The statement, outlining a series of ways in which, it argues, artists of color are unjustly treated in the theater world, declares itself to be “in the legacy of August Wilson’s ‘The Ground on Which I Stand’,” an important 1996 speech by the playwright about race and the American theater. Headlined “We See You, White American Theater,” the statement repeatedly uses the phrase “we see you” to punctuate its observations about the theater world, and adds, “We have always seen you. And now you will see us.”
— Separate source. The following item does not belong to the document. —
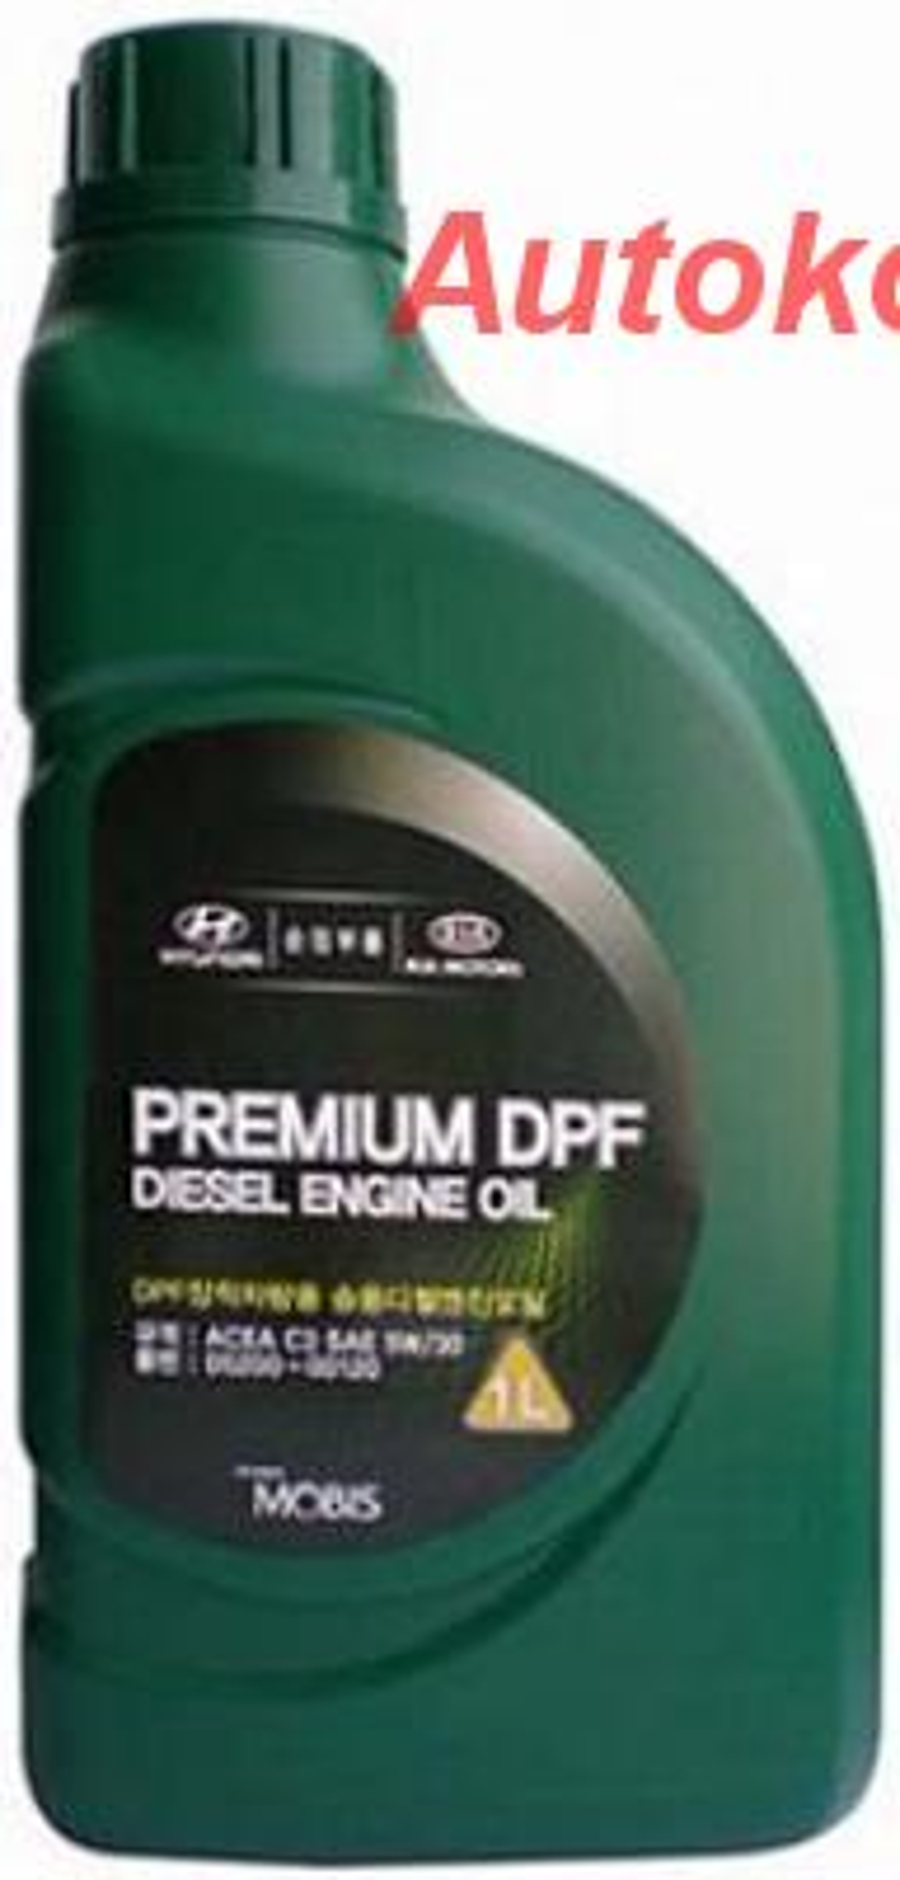 Масло моторное синтетическое Premium DPF Diesel 5W-30, 1л
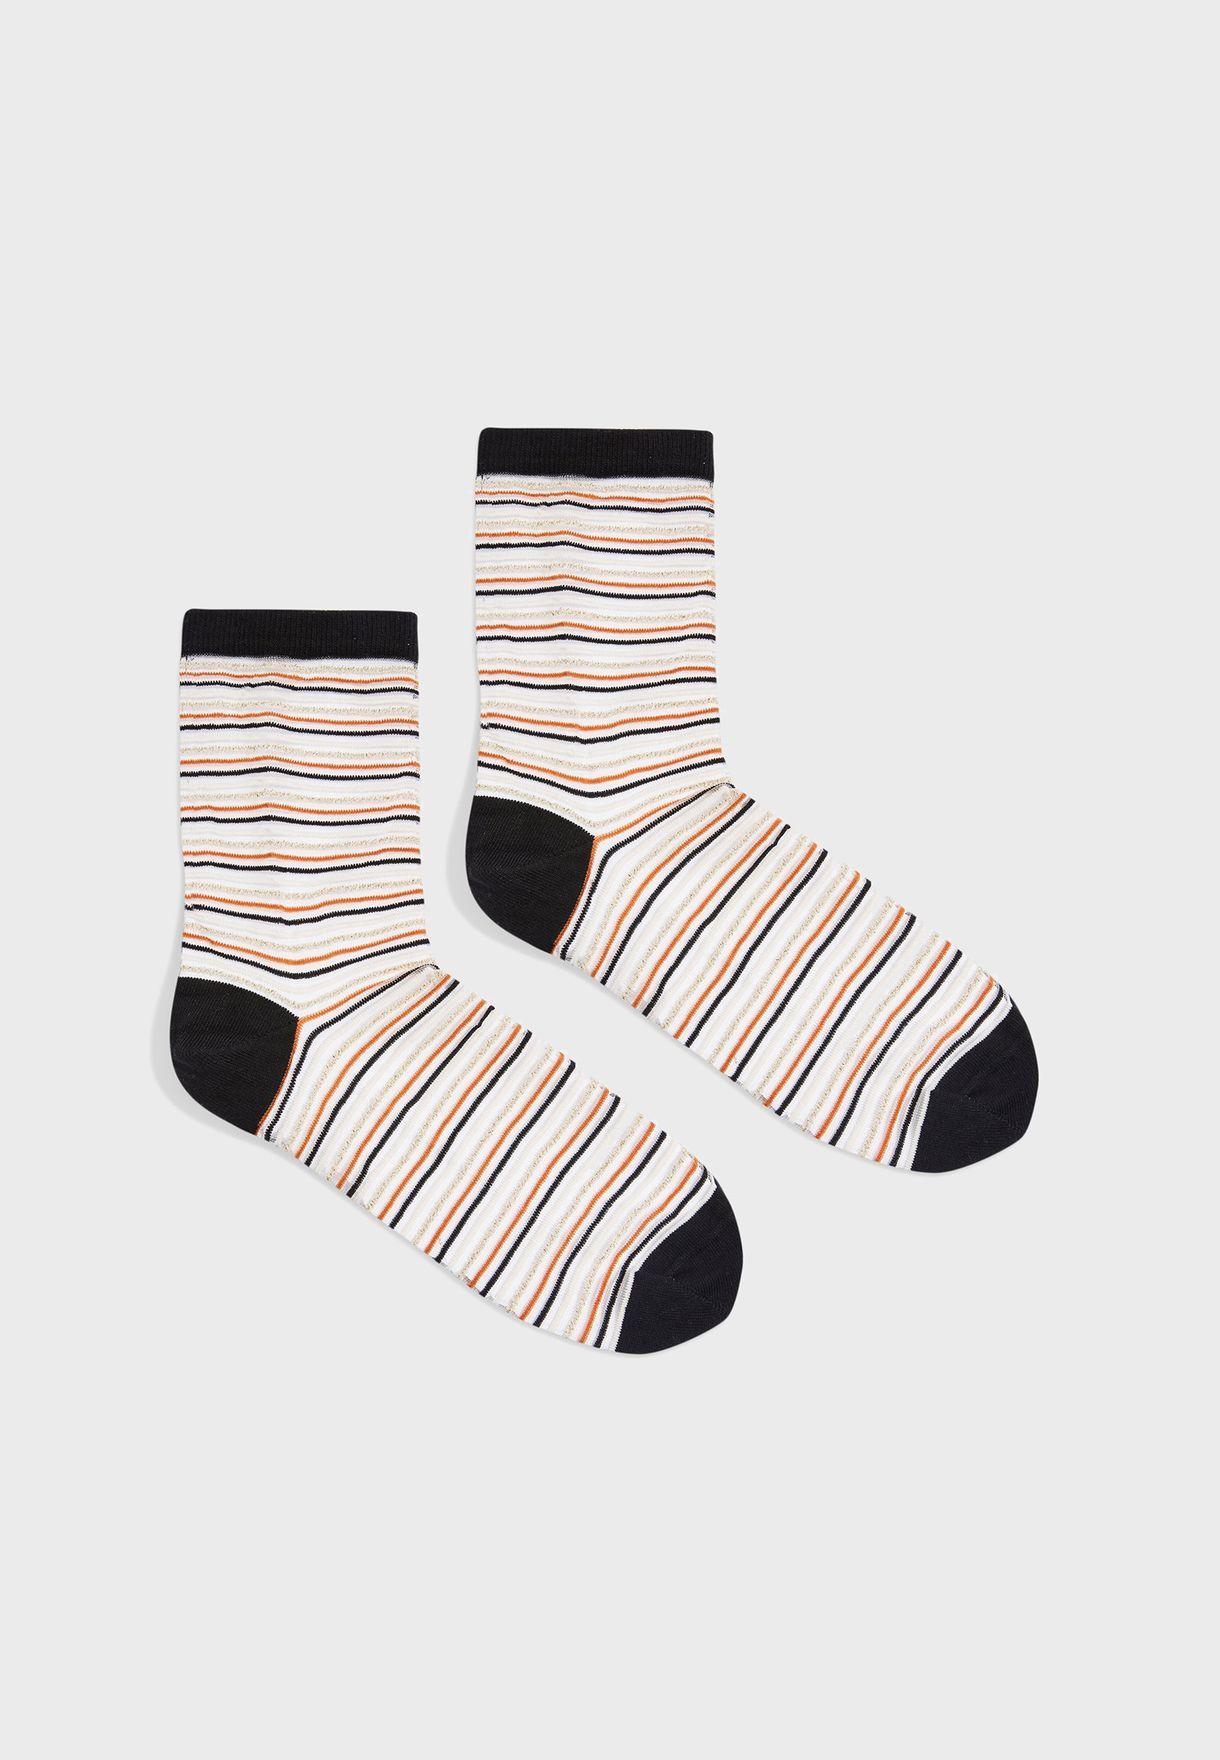 Sheer Striped Socks

It expresses concerns about programming (“We have watched you program play after play, written, directed, cast, choreographed, designed, acted, dramaturged and produced by your rosters of white theatermakers for white audiences”); labor unions (“we have watched you turn a blind eye as unions refuse to confront their racism and integrate their ranks”); media (“a monolithic and racist critical culture”); and nonprofit organizations (“asking us to politely shuffle at your galas, talkbacks, panels, board meetings, and donor dinners, in rooms full of white faces, without being willing to defend the sanctity of our bodies beyond the stages you make us jump through hoops to be considered for").

The statement comes at a time when most American theaters, including all of those on Broadway, are closed indefinitely because of the coronavirus pandemic and most theater artists are unemployed. As unrest in the country over race relations has intensified, many theaters, as well as many commercial theater productions, have issued statements decrying racism and pledging to support systemic change; some have also opened their doors to protesters.